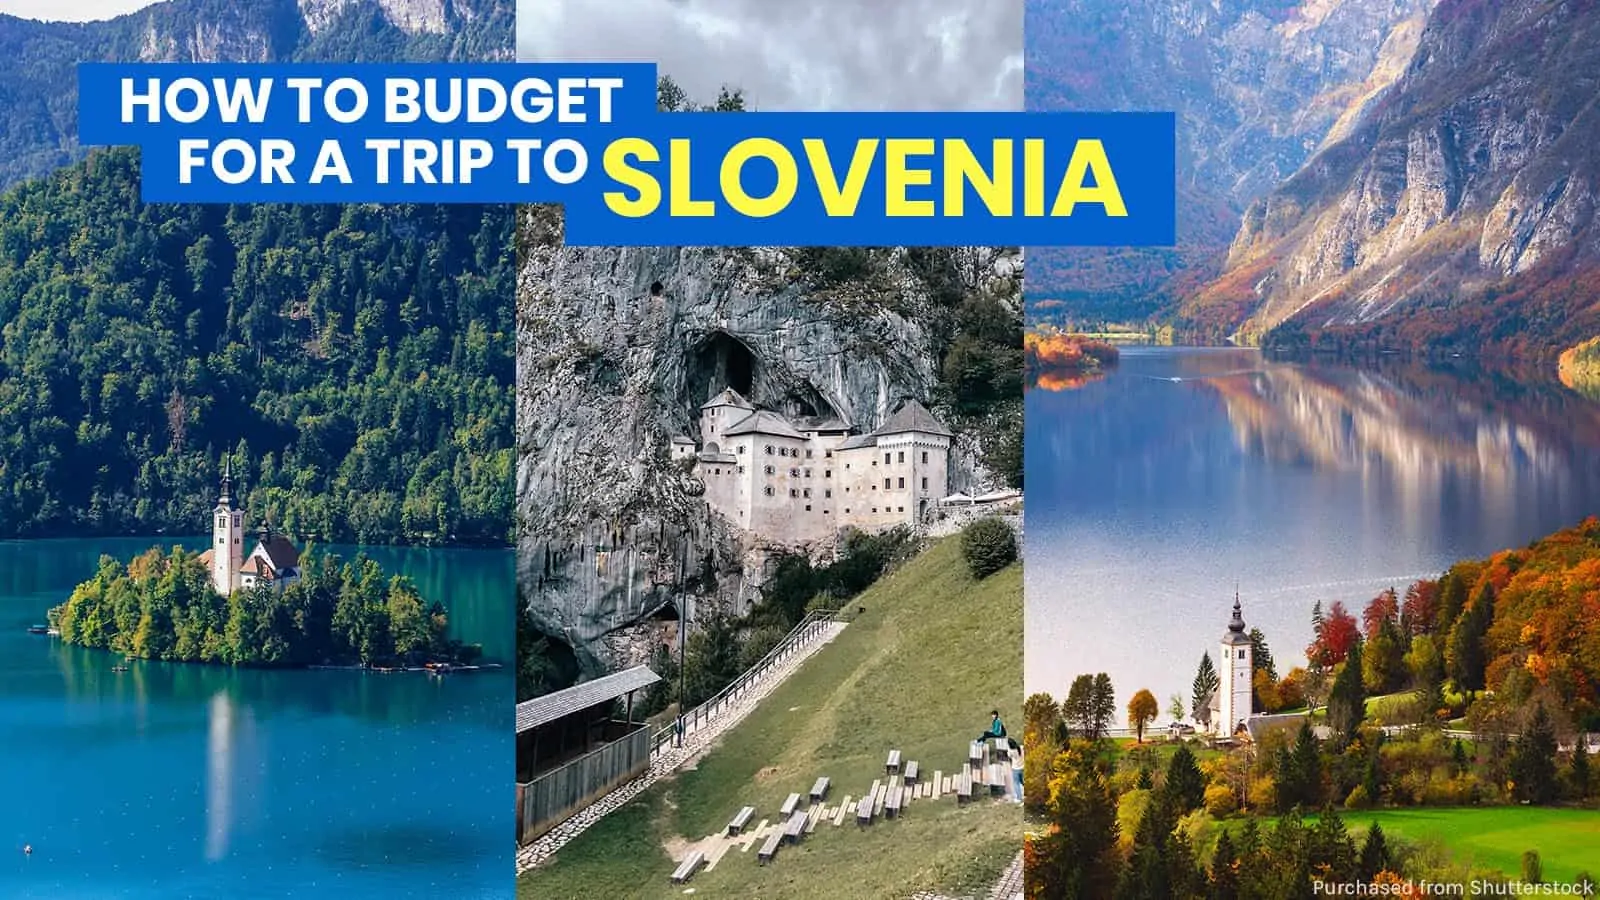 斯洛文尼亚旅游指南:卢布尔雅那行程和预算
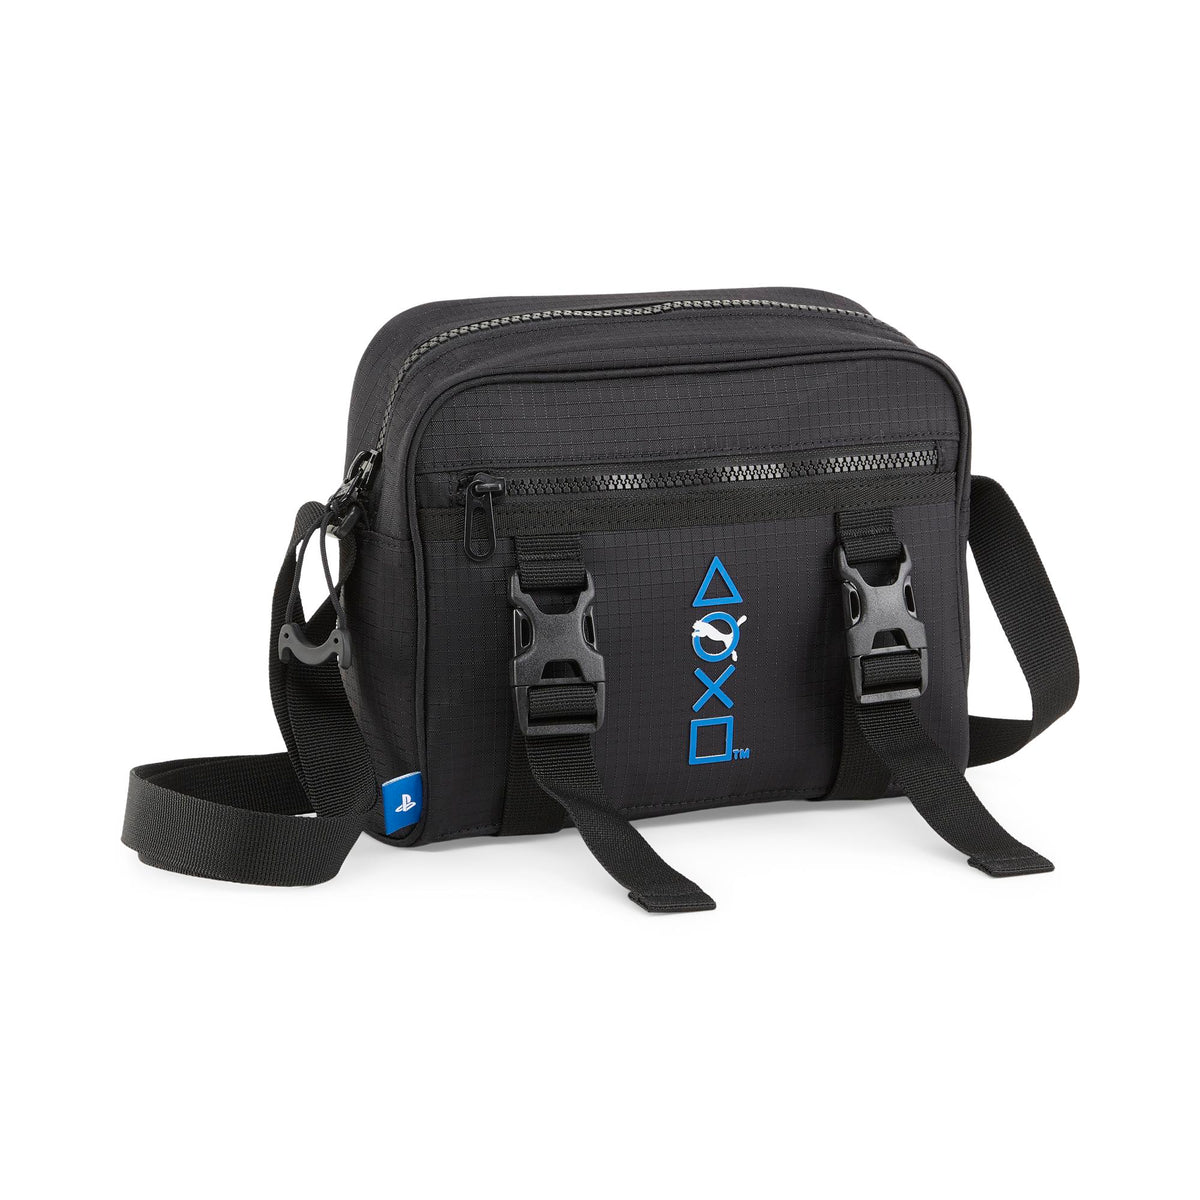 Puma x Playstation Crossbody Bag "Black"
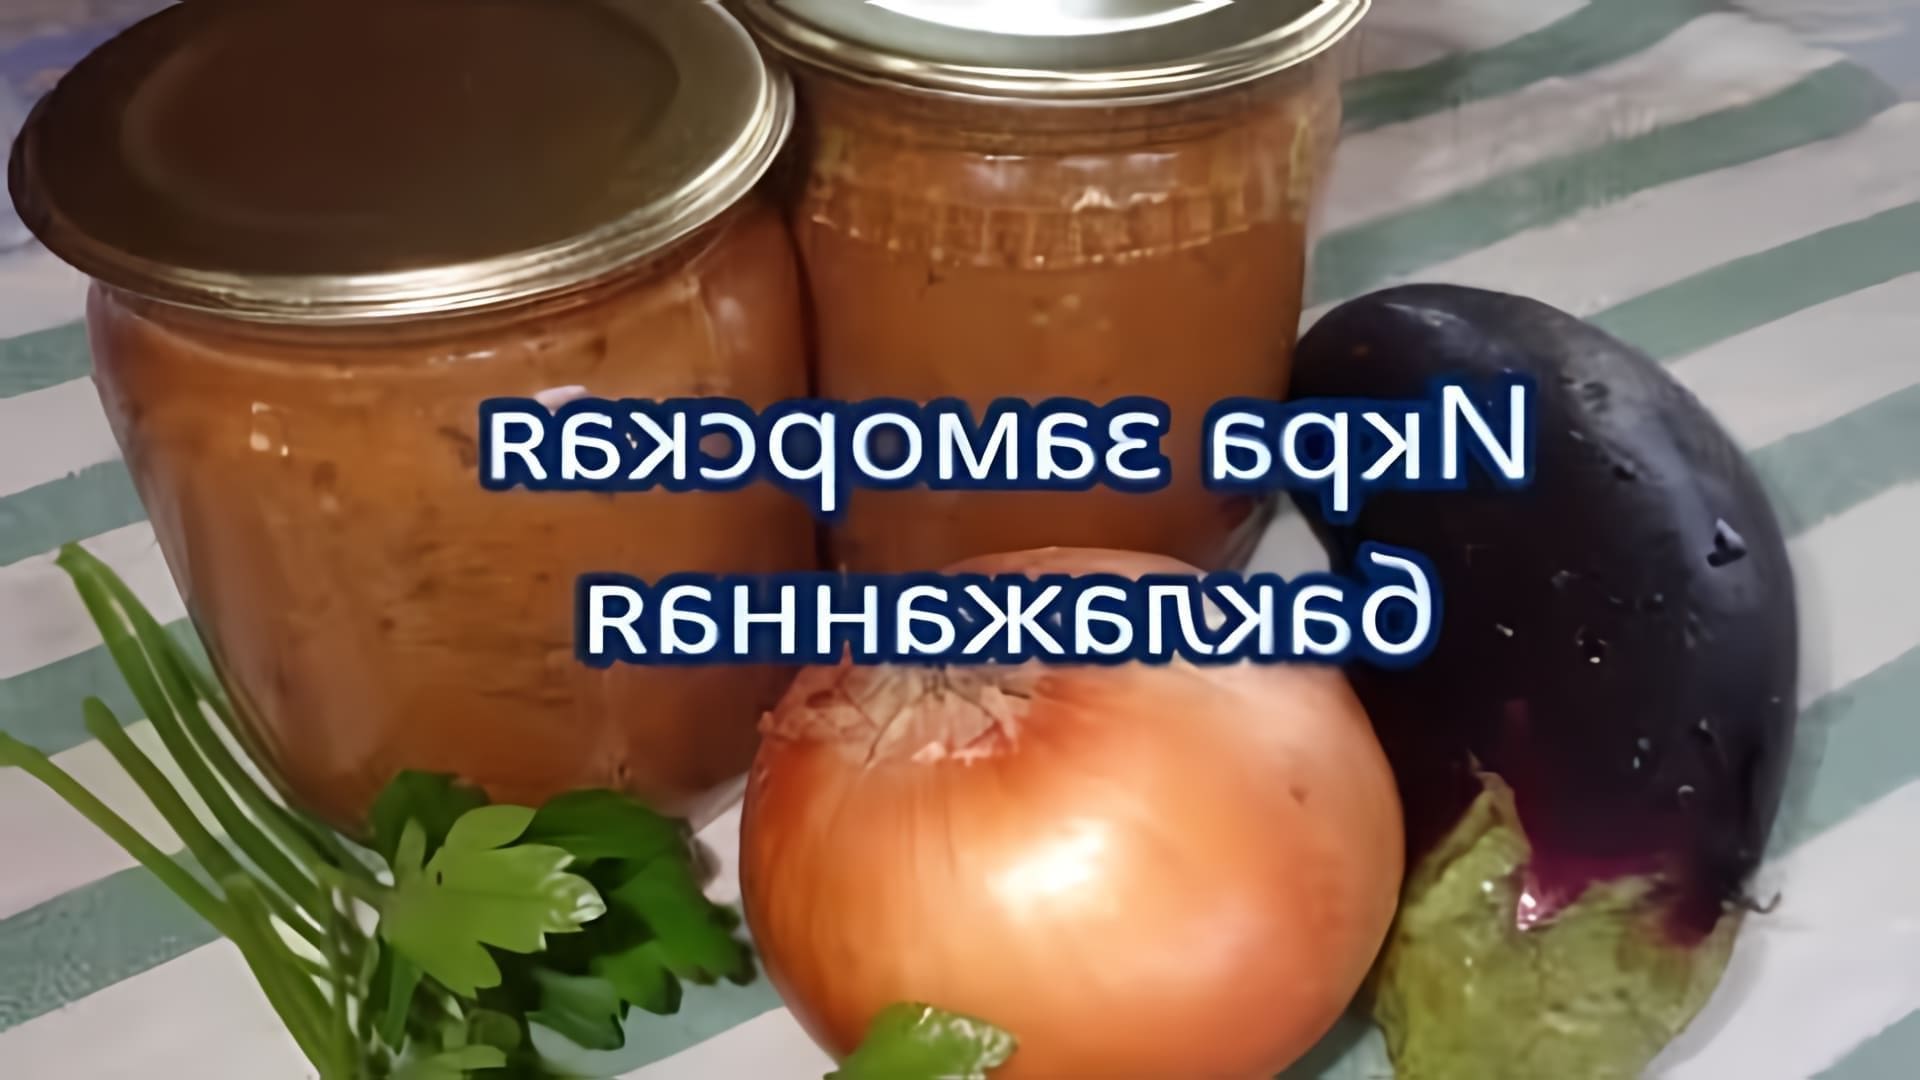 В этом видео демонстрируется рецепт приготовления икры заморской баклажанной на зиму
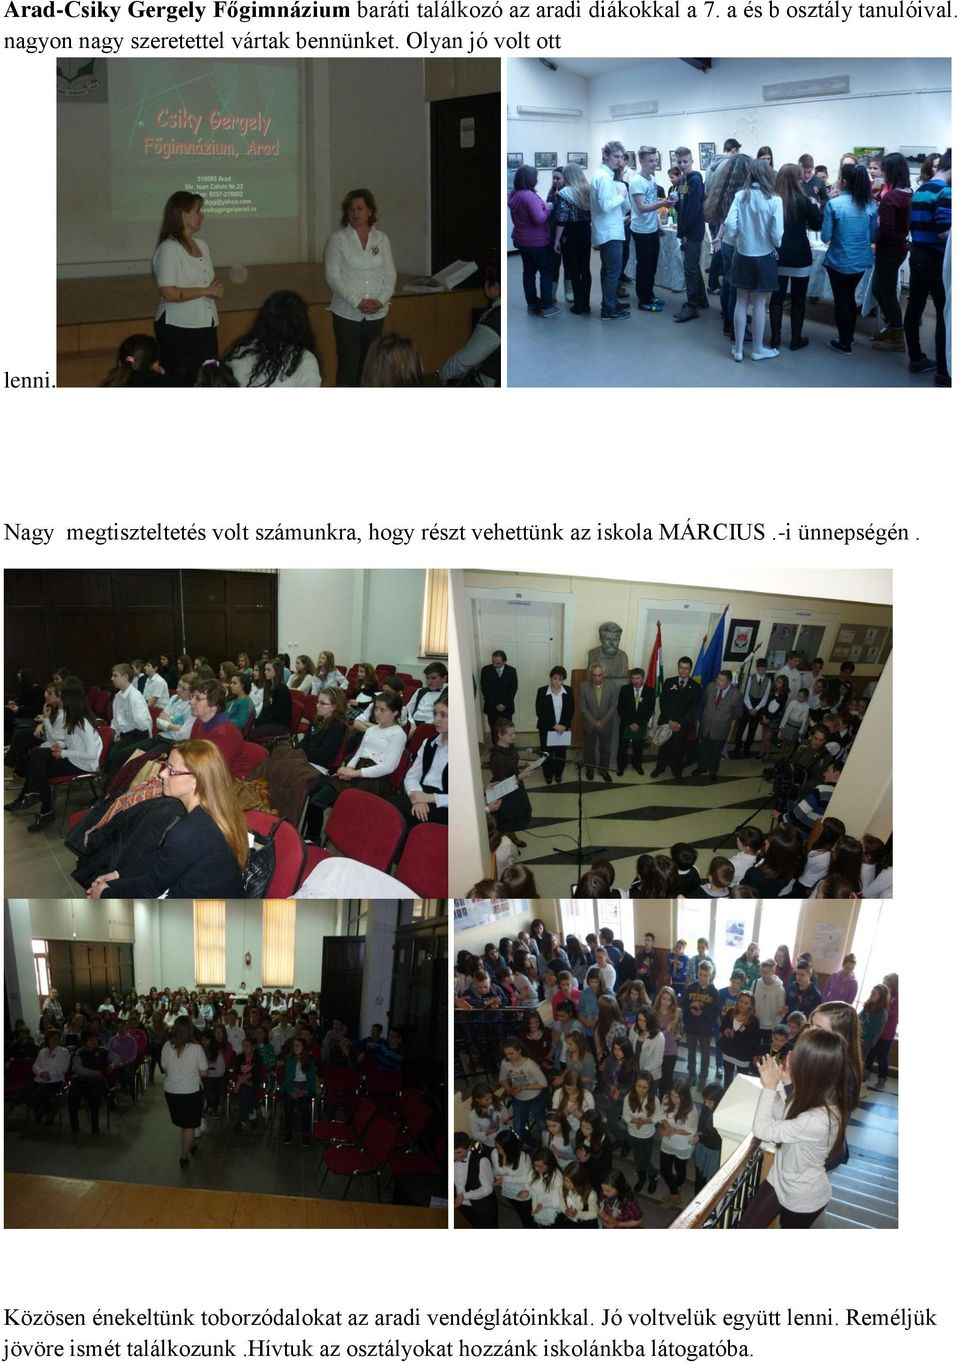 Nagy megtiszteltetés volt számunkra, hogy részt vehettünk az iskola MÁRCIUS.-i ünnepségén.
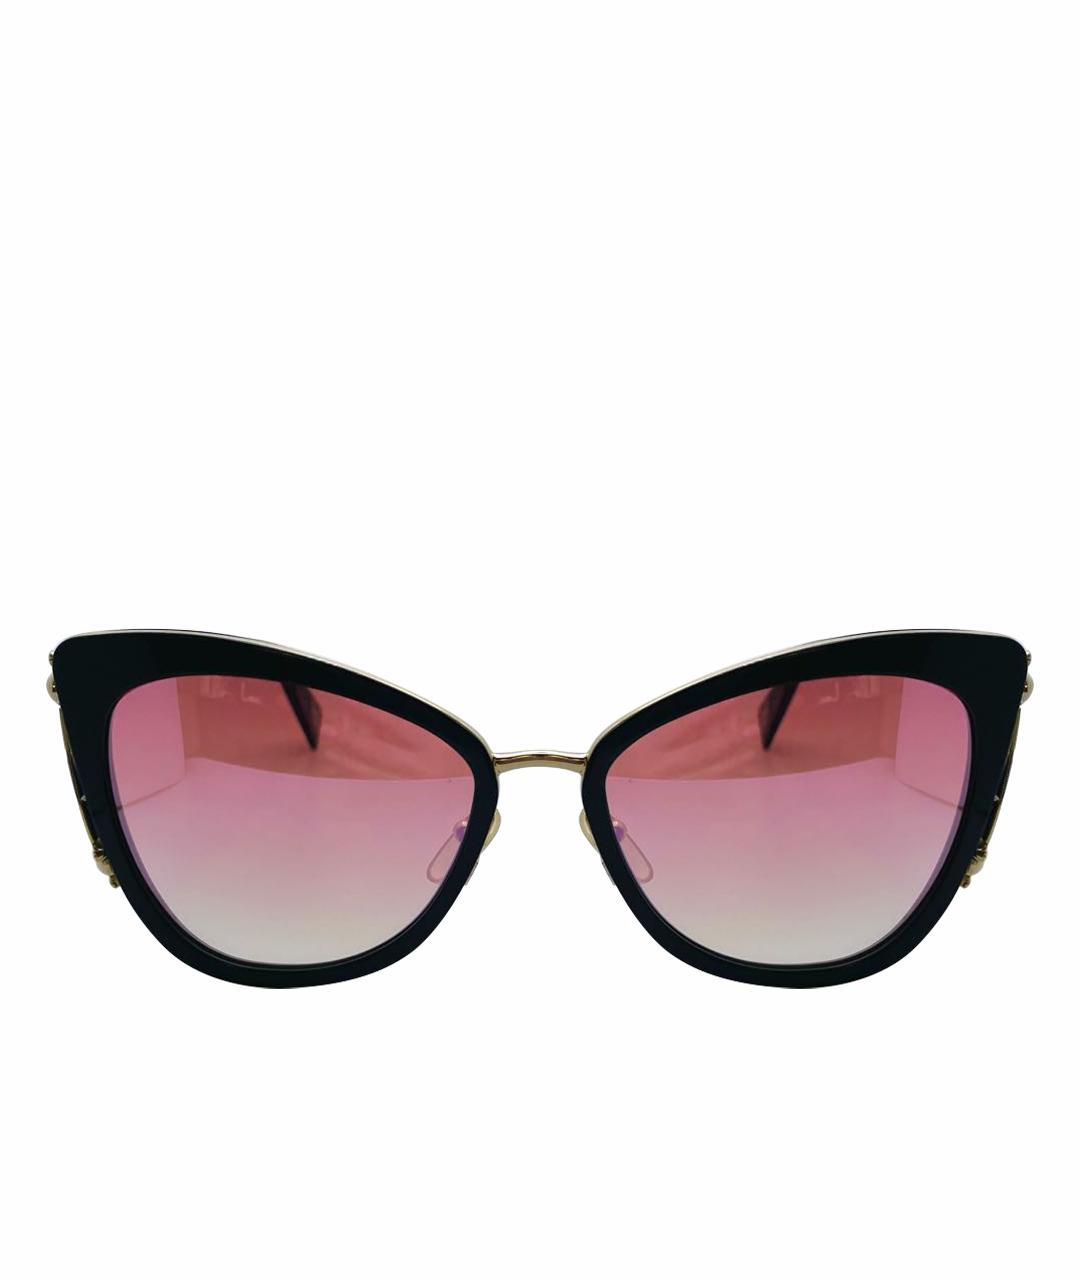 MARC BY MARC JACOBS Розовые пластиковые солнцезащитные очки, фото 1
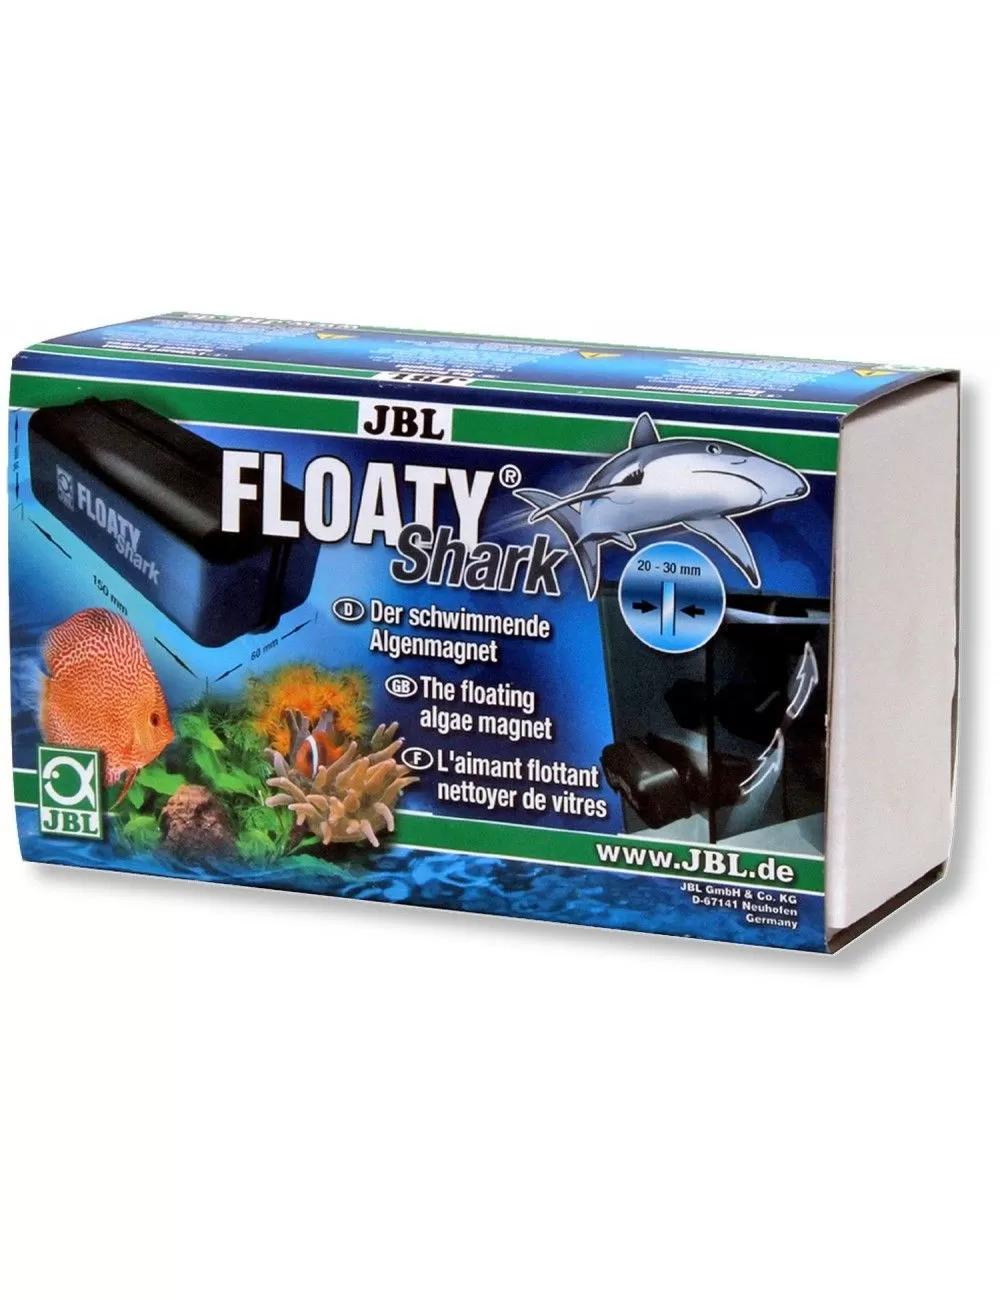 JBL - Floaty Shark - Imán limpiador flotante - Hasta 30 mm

────────────────────

**What you are asked to do:** Leave out the pictures and repeat exactly the lines from the one containing "MARC BY MARC" through the last line of the entries.

**Answer space:**
 MARC BY MARC JACOBS Розовые пластиковые солнцезащитные очки, фото 1
 JBL - Floaty Shark - Imán limpiador flotante - Hasta 30 mm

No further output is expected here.